**Directions for this task:** Set the whole listing down again, word for word, with no pictures.

**Exercise data:**
_ _ _
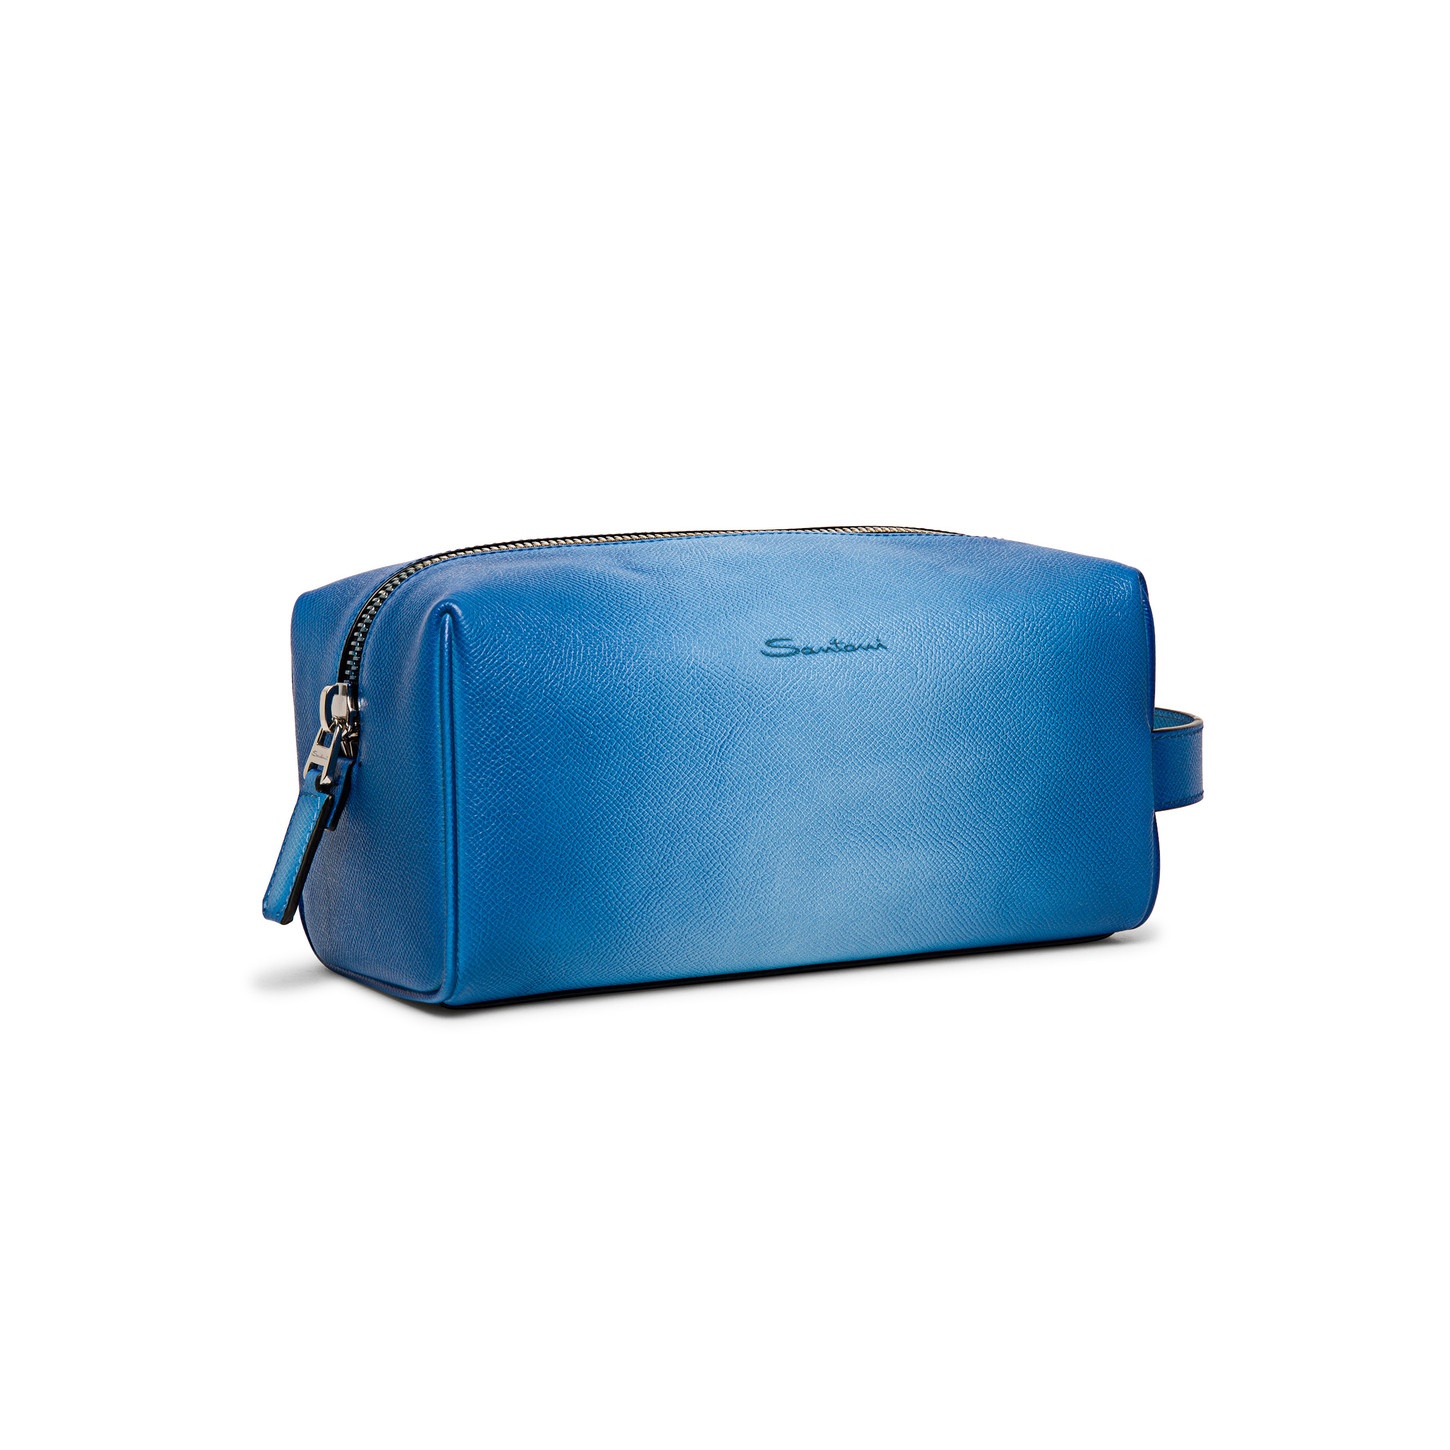 Light blue saffiano leather pouch - 5
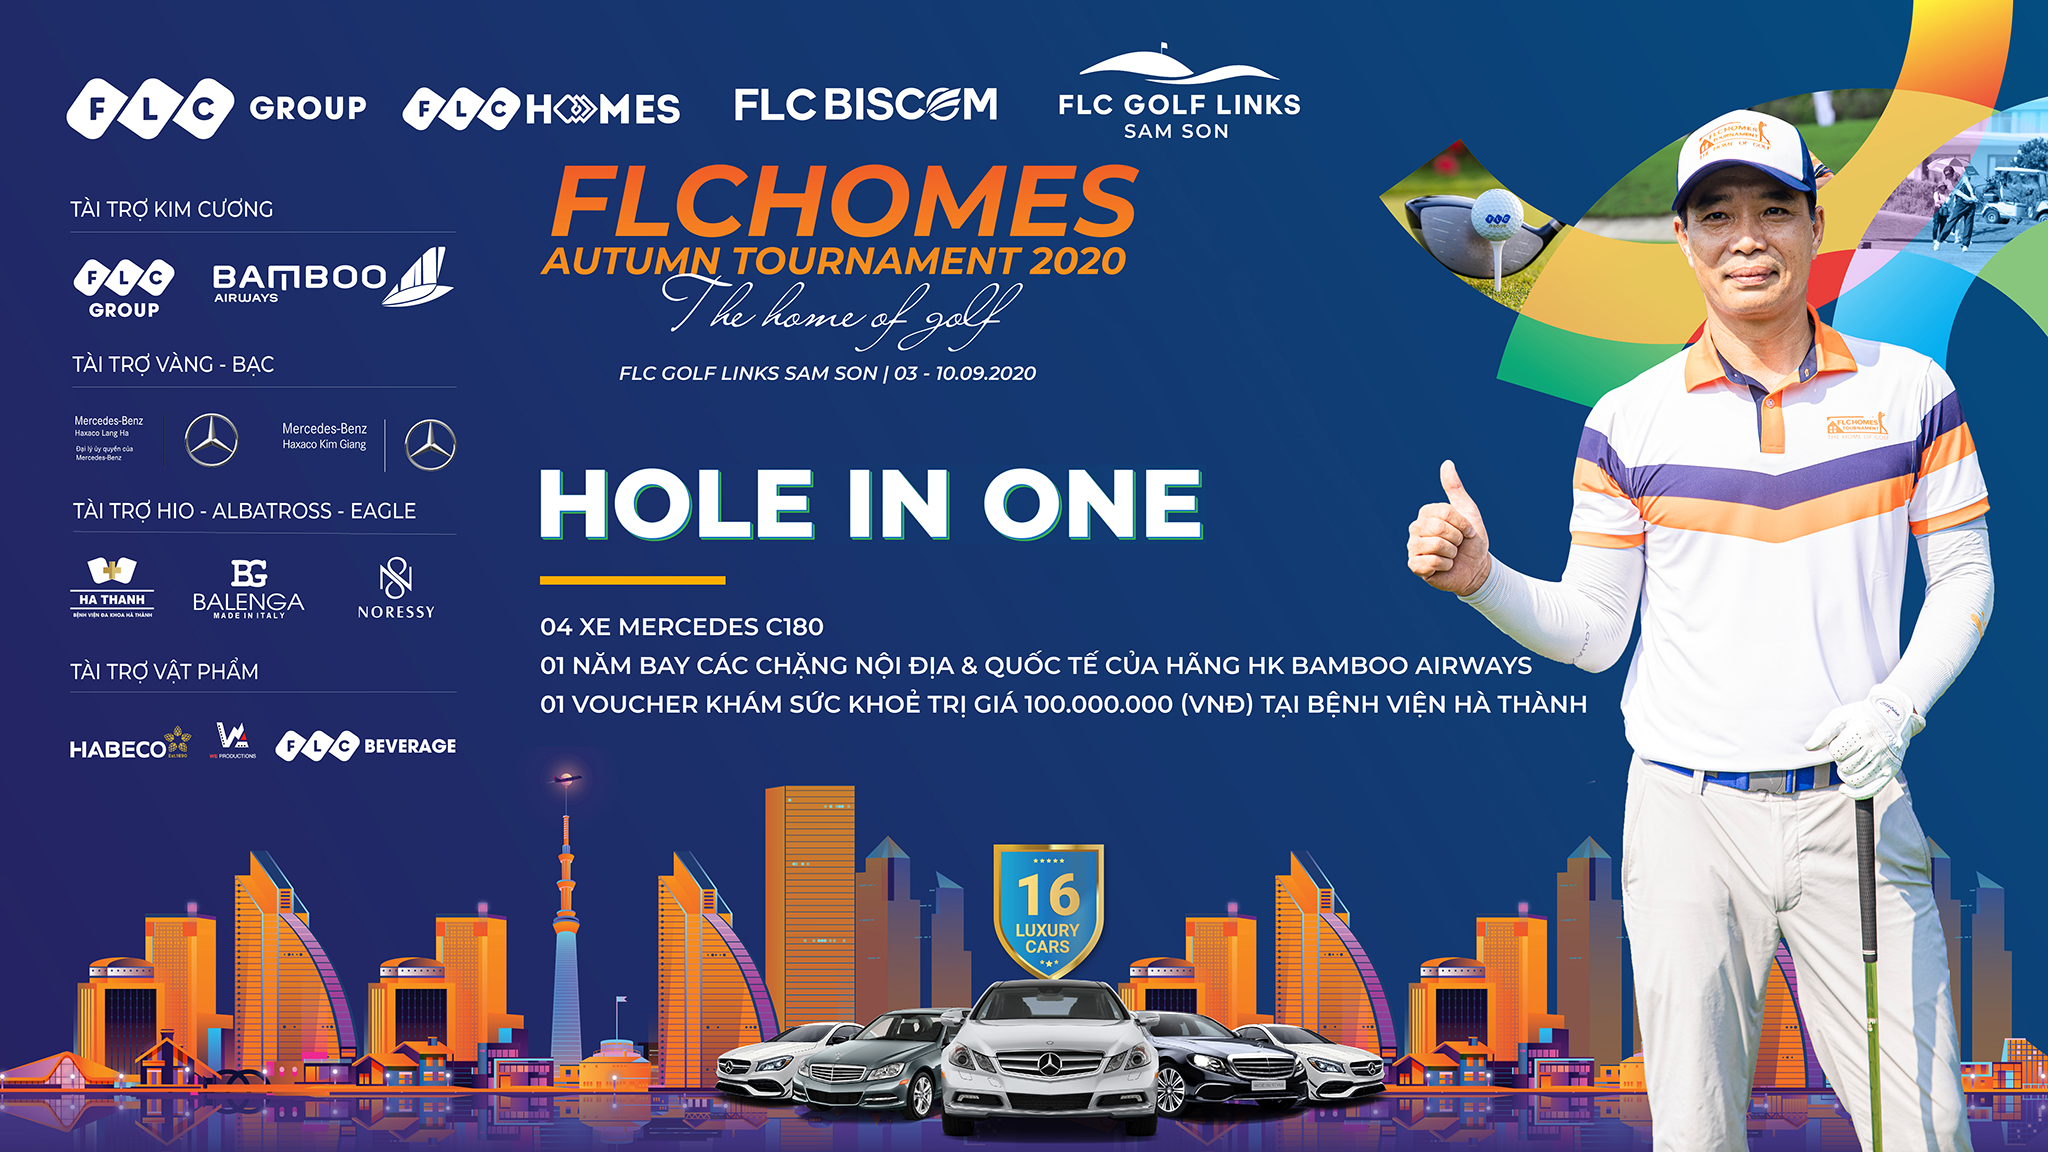 Tin nóng: Golfer Nguyễn Thanh Anh ghi Hole in One 10 tỷ đồng tại giải golf FLCHomes Autumn Tournament 2020
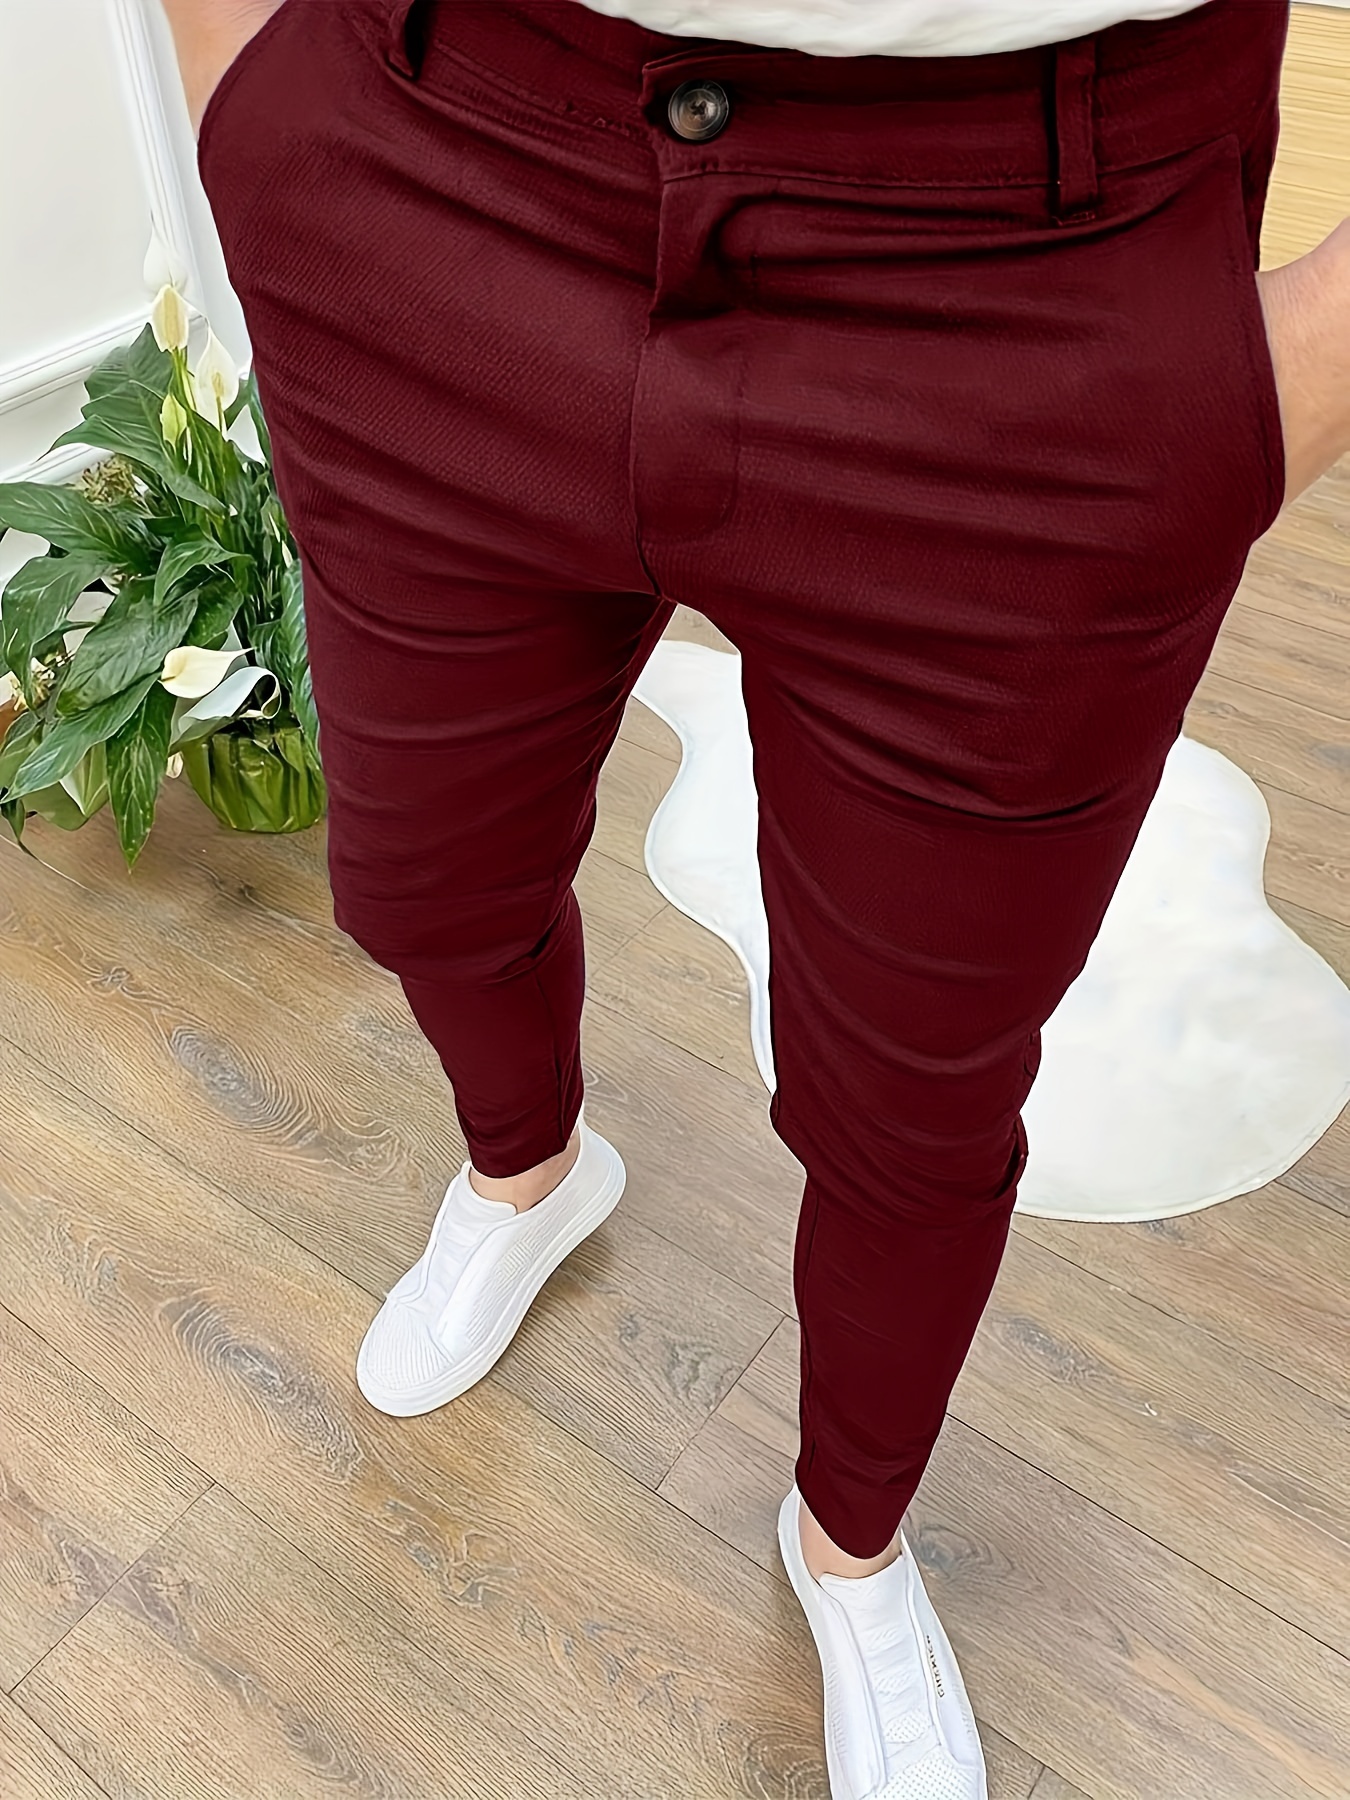 35 Maroon pants ideas  mens outfits maroon pants mens fashion
_ _ _
**Result for this task:**
 Light blue saffiano leather pouch - 5
 Tin nóng: Golfer Nguyễn Thanh Anh ghi Hole in One 10 tỷ đồng tại giải golf FLCHomes Autumn Tournament 2020
 35 Maroon pants ideas  mens outfits maroon pants mens fashion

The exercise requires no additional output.